Showing posts with label Ruth Downie. Show all posts
Showing posts with label Ruth Downie. Show all posts

Friday, February 1, 2013

A Conversation with "Medicus" series author Ruth Downie


I have enjoyed Ruth Downie's "Medicus" series since I read her very first novel in the series "Medicus: A Novel of the Roman Empire" ("Medicus and the Disappearing Dancing Girls" for you UK readers).  I've followed her hero, Gaius Petreius Ruso, from Roman Britain to Gaul and back again, reviewing his latest adventure, "Semper Fidelis" just a few weeks ago.  Whenever I read a book with a Roman setting and a captivating protagonist, a number of questions about the author's interest in ancient Rome, some of her challenges in character development and research sources invariably arise.  This time, the author has generously offered to answer some of my questions and has allowed me to share her responses with you.

Ruth Downie, author of the "Medicus"
series of novels set in Roman Britain.
Image courtesy of Amazon.
Mary: What aspect of Roman civilization do you find most interesting?

 Ruth: What fascinates me is the contrast between the way Roman culture seems very familiar to us and the ways in which their thinking was so completely different. We can identify with the use of technology, the political bickering, the complex administration, the vast gap between rich and poor – and yet how could they accept slaughter as entertainment? And while there was some tinkering with the law to make the lives of slaves more bearable, the right of one person to treat another as ‘property’ was the basis of the economy and never seriously questioned.

Mary: Why did you choose the early 2nd century CE as the setting for the "Medicus" series?

Ruth: It was a trip to Hadrian’s Wall that sparked my interest in Roman Britain, so it seemed natural to write about the time when it was built. The first novel really didn’t work, but Ruso and Tilla evolved from two minor characters in the backstory. That’s why they ended up meeting some years before the wall appeared. In fact it’s worked out quite nicely, because in SEMPER FIDELIS they can slot into history and meet Hadrian on his only recorded tour of Britannia.
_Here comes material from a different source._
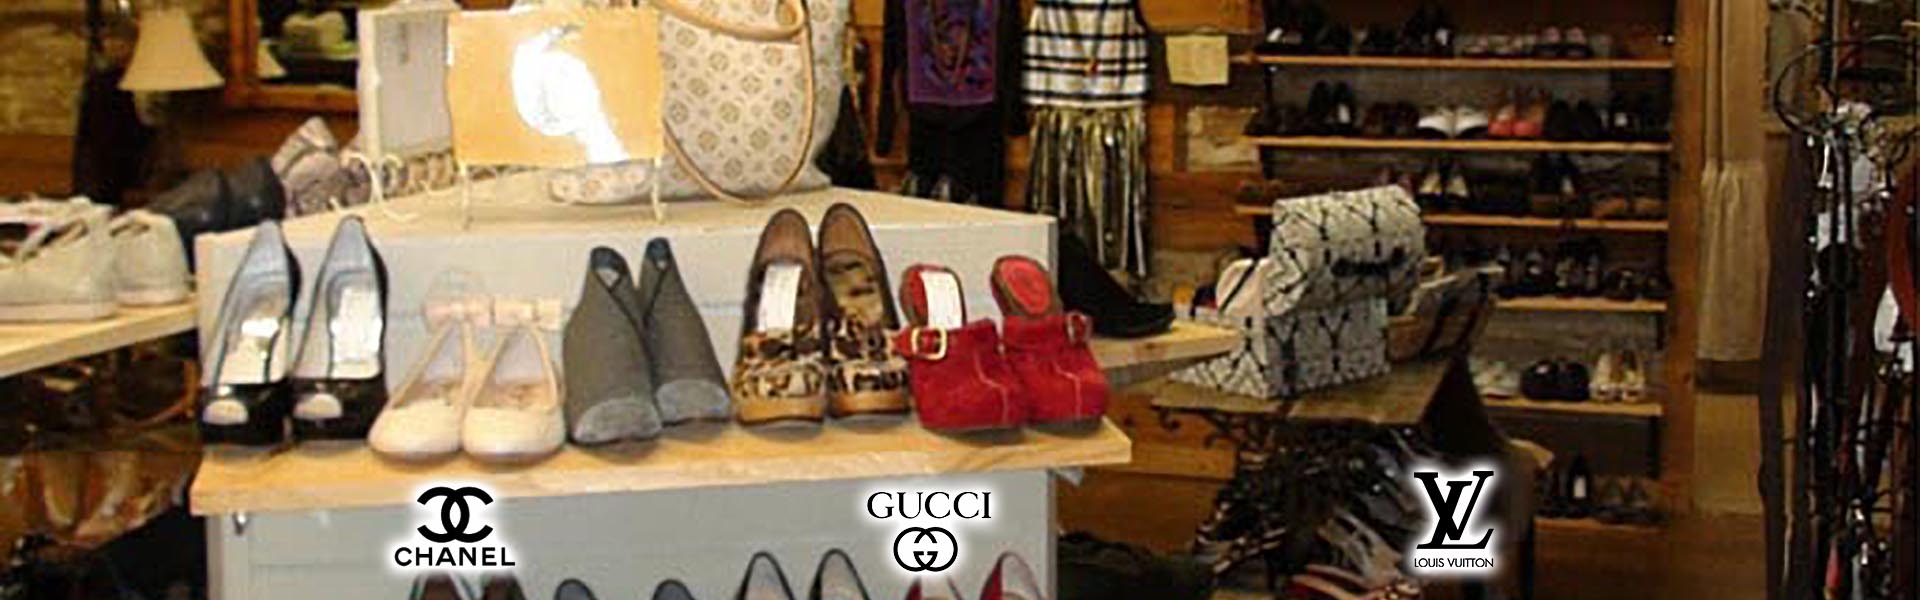 Shop Image featuring Chanel, Gucci and Louis Vitton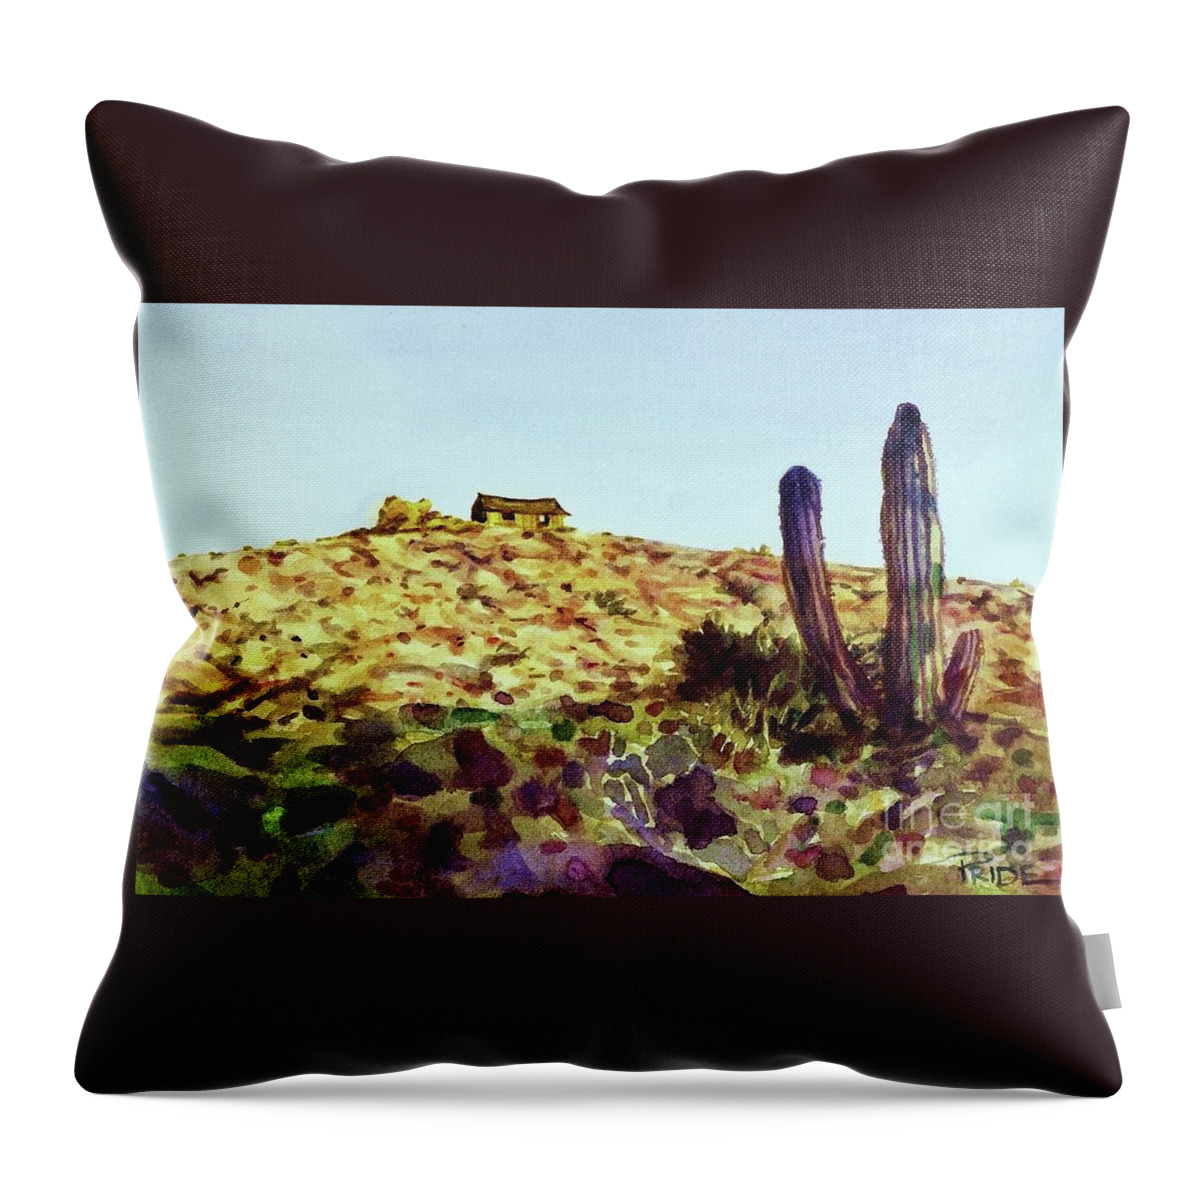 Cynthia Pride Watercolor Paintings Throw Pillow featuring the painting The Desert Place by Cynthia Pride

Mary: As a female author what aspect of your male protagonist do you find most challenging to capture?

Ruth: I’ve been racking my brains to remember the instance where I discussed a plot point with my husband, who said, “No, a man wouldn’t do that. A man would…” but I’m afraid neither of us can remember what it was!

Somebody once observed that when a man looks in the mirror he sees a person, whereas when a woman looks in a mirror she sees a woman. I don’t know how true that is now but it was certainly true for the male-dominated ancient world, and I do try to bear it in mind.
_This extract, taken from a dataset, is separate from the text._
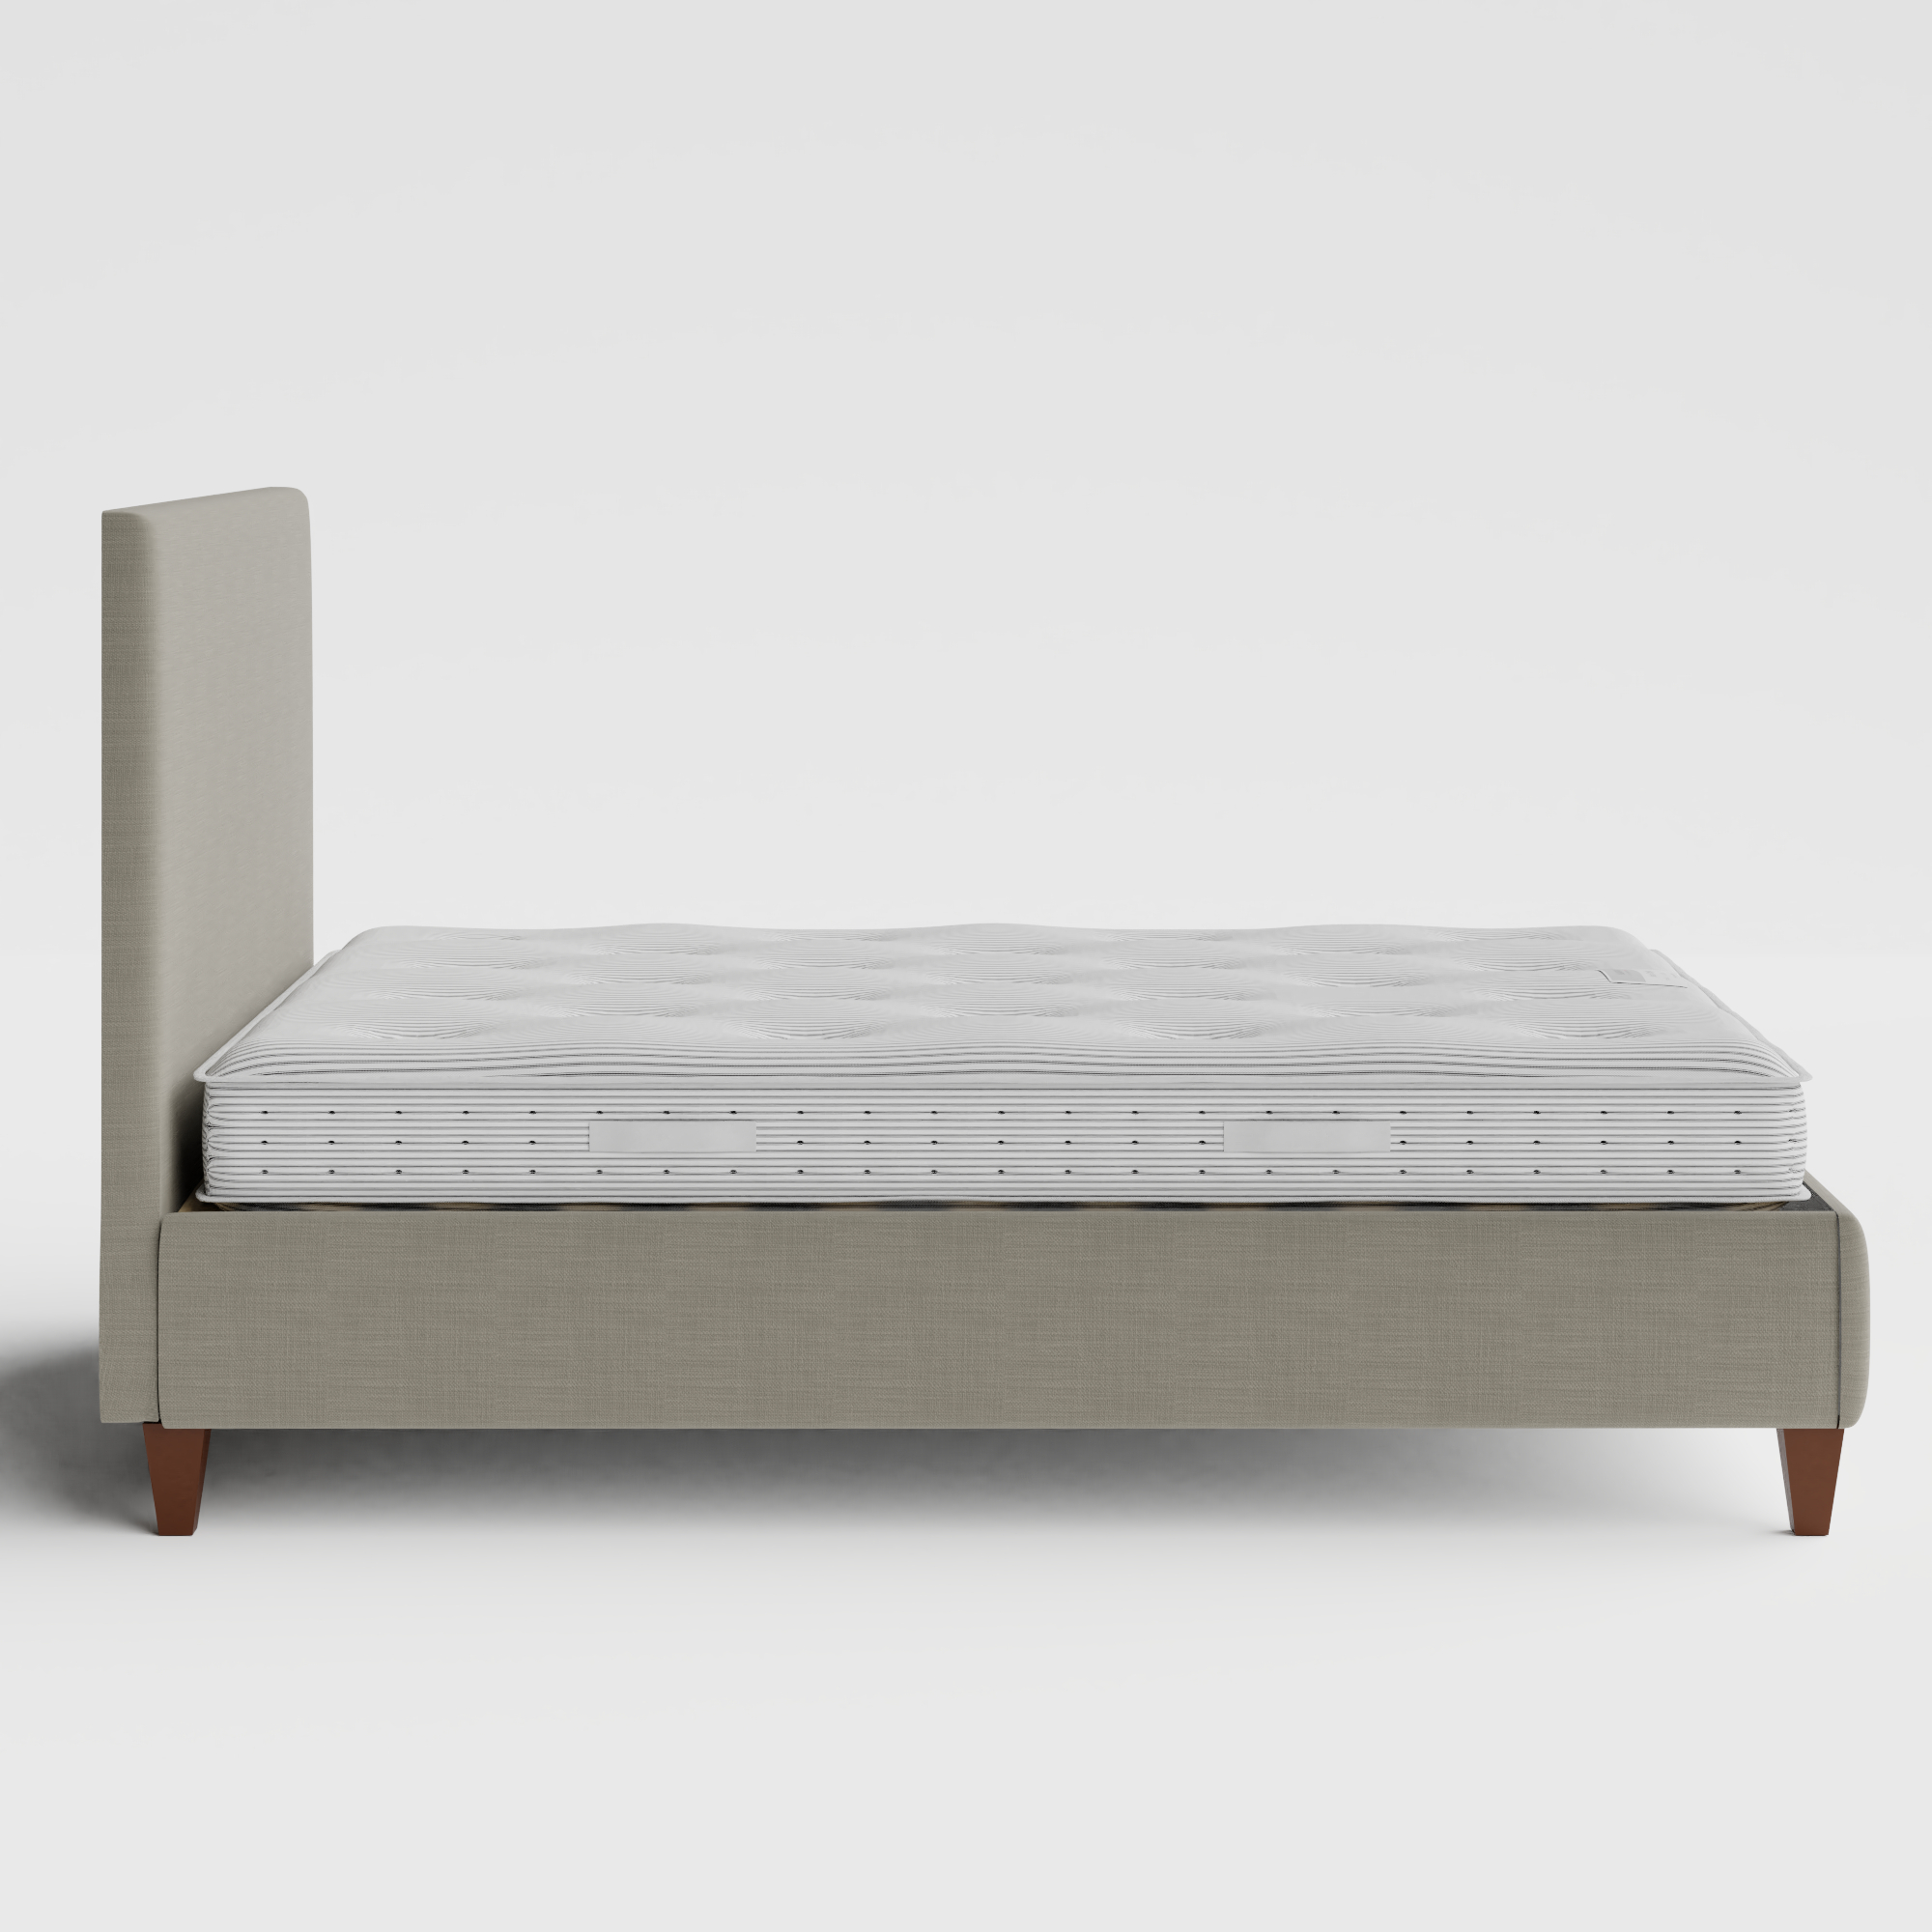 Yushan upholstered bed in grey fabric with Juno mattress

Mary: Did you use an historical Roman as a model for Ruso or a modern acquaintance? Who?

Ruth: The character of Ruso is imaginary but his meeting with Tilla was inspired by a real-life dilemma faced by two medic friends. They were stuck in traffic and realised there had been an accident on the motorway ahead of them. They had to decide whether to stay where they were and leave it to the ambulance, or abandon the car, run to the scene and try to help. The trouble was, they were only students, they knew very little emergency medicine and they had no equipment or backup (I left that part out of the novel). Fortunately in real life the ambulance got there first. I didn’t give Ruso that option.

Mary: Do you share particular character traits with Tilla? If so, which ones?

Ruth: Her cooking is possibly slightly worse than mine. Well, somebody’s has to be. Apart from that, she fulfils all my fantasies of one day becoming confident, assertive and decisive.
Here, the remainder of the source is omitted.